Immigrant being questioned

Meeting Sponsors

Once cleared by inspectors, the immigrants were free to get on a train for the trip further west, or to go to New York or New Jersey directly. Depending on the final destination and age or sex of the immigrant, sponsors were contacted to pick up their relatives. Those detained were housed in the main building on wire bunkbeds that filled the lower level.

One young relative of mine was detained for a day until his sponsor in Brooklyn could pick him up. It was duly noted that he ate dinner and breakfast, served free in the dining hall, before being picked up at 11am the next morning.

Menu  1906(from a letter to the Ellis Island Commissioner Williams)


  • Coffee with milk and sugar
  • Bread and butter
  • Crackers and milk for women and children


  • Beef Stew, boiled potatoes, an rye bread
  • Smoked or pickled herring for hebrews
  • Crackers and milk for women and children


  • Baked beans, stewed prunes, and rye bread
  • Tea with milk and sugar
  • Crackers and milk for women and children

Sponsors arrived on the Ellis Island Ferry which was abandoned in the slip after the island closed. Before it sank, my grandfather recovered one of the signs on the front and donated it to the immigration museum then housed in the base of the Statue of Liberty. It now hangs in the Ellis Island Museum.
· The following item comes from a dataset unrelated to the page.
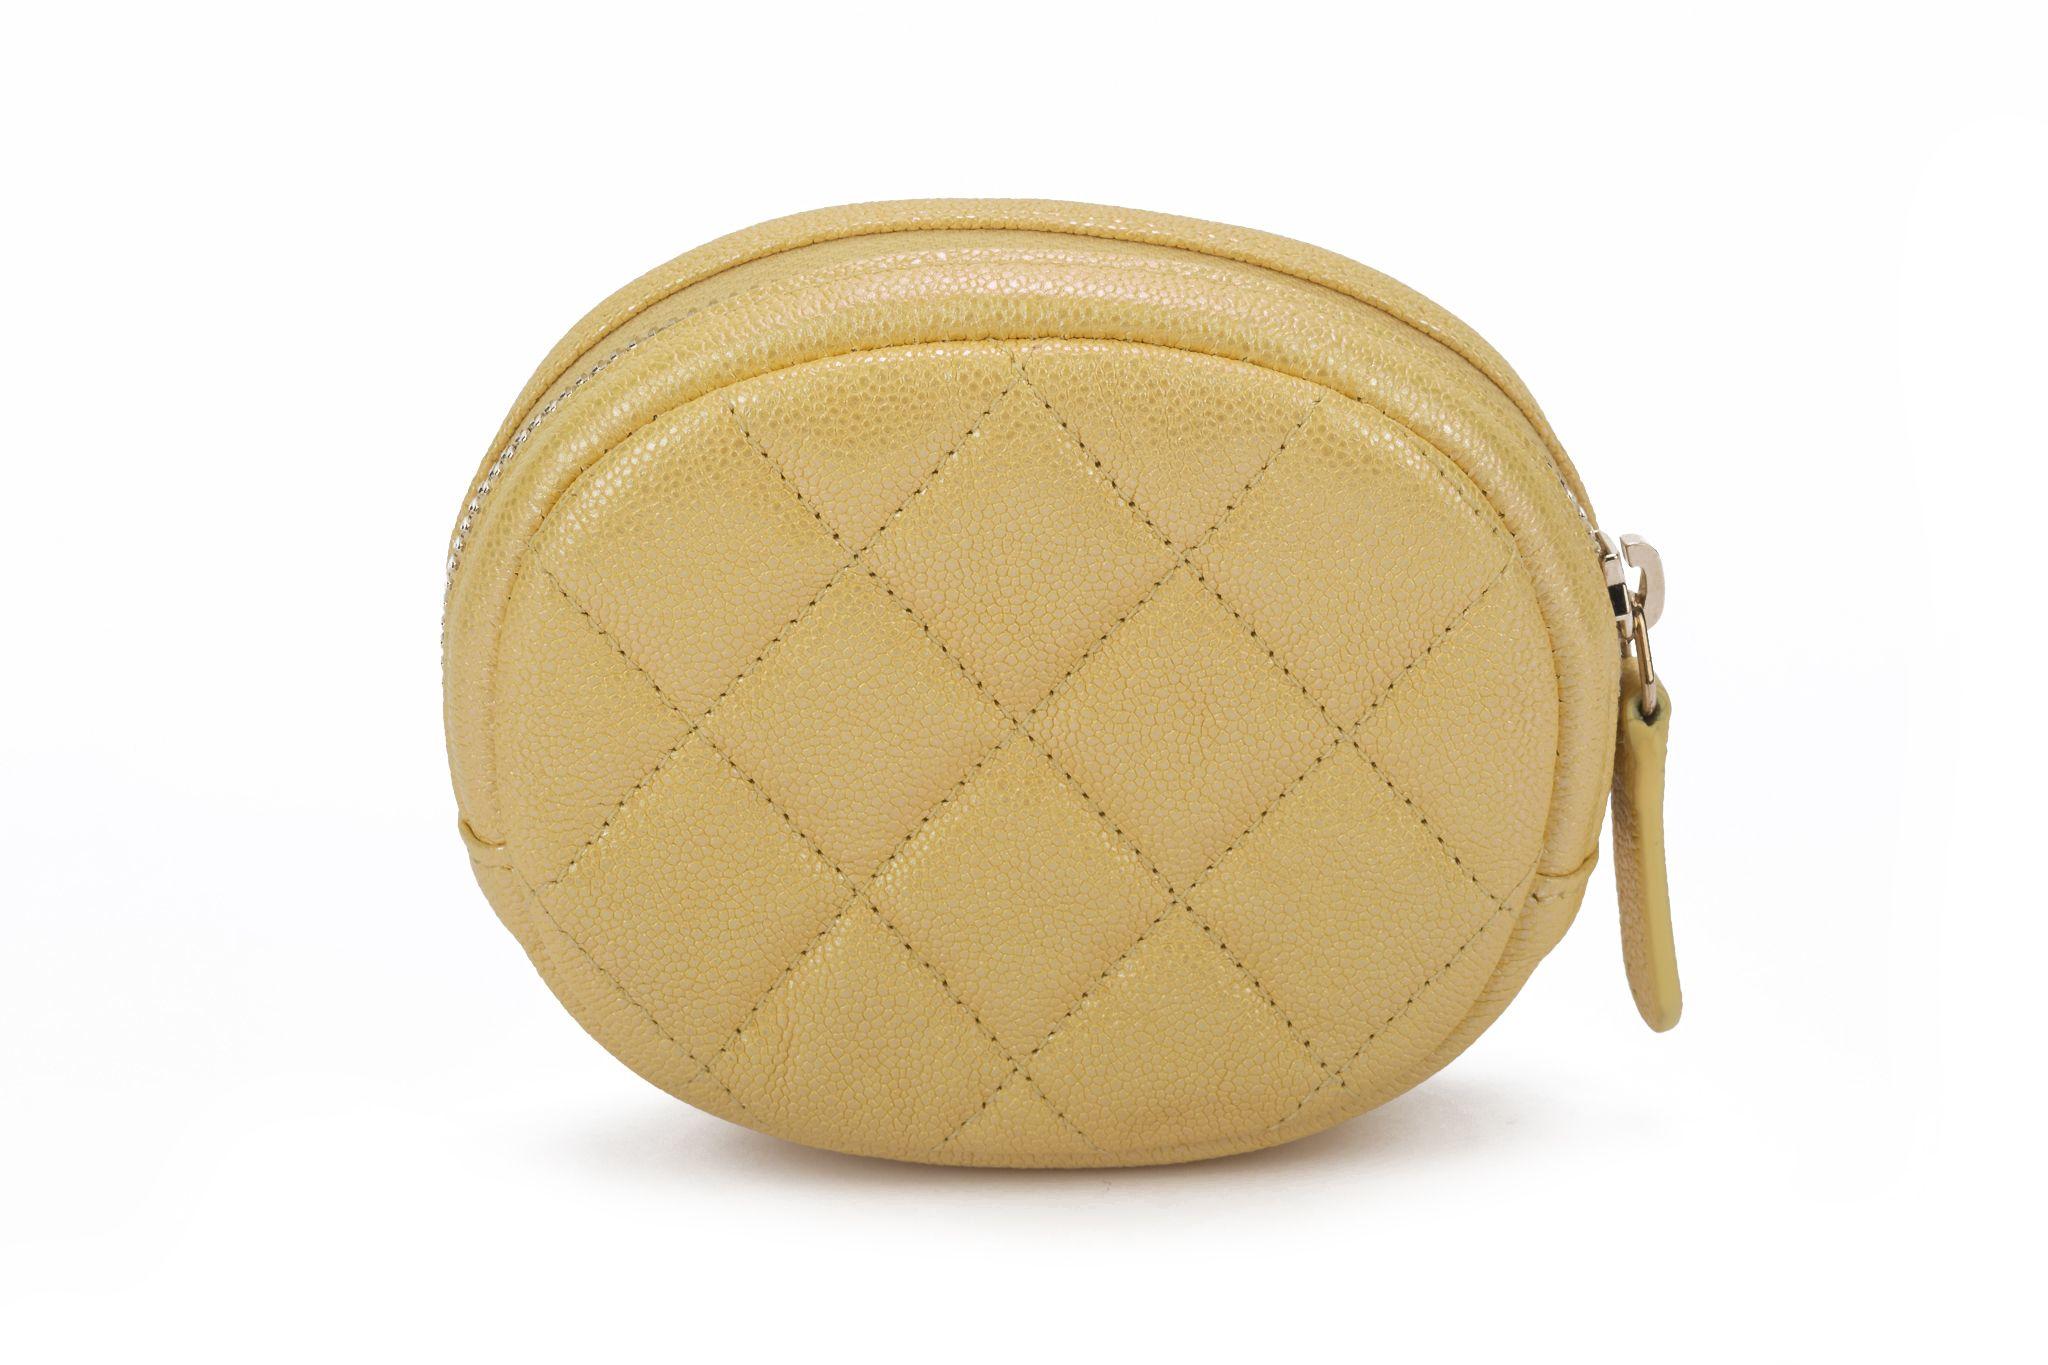 Chanel new in box oval iridescent yellow quilted caviar coin case with yellow gold logo. Collection 27. Comes with hologram, ID card, booklet, dust cover and box.

Waiting for the Ellis Island Ferry


The official need for a sponsor, and the natural desire to live around people that you know, prompted immigrants to congregate according to ethnicity and hometown.

The O'Neills most likely moved to the Irish community in Brooklyn or the Lower East Side of Manhattan, also known as Five Points. They also lived for several years in the Bergen County, N.J. town of Bergenfield, known as New Bridge at the time, before permanently settling in Brooklyn in the late 1870s.

The Gills arriving in the late 1800s and moved directly to Brooklyn upon arrival.

While the Pomaricos headed to relatives in Gowanus in Brooklyn, most people from their hometown, Sant Angelo dei Lombardi and the neighboring town of Torella Lombardi moved to the Italian community of Waterbury, Connecticut.

The Blumettis and Soggas initially settled in Arberesh communities in Elizabeth, N.J., Jersey City, N.J. and the Lower East Side of Manhattan. Their move to Brooklyn was prompted by slum clearance projects of the 1930s.

The Kloseks moved to the West Side of Manhattan until they too were cleared out by the construction of the Lincoln Tunnel which razed their tenement block.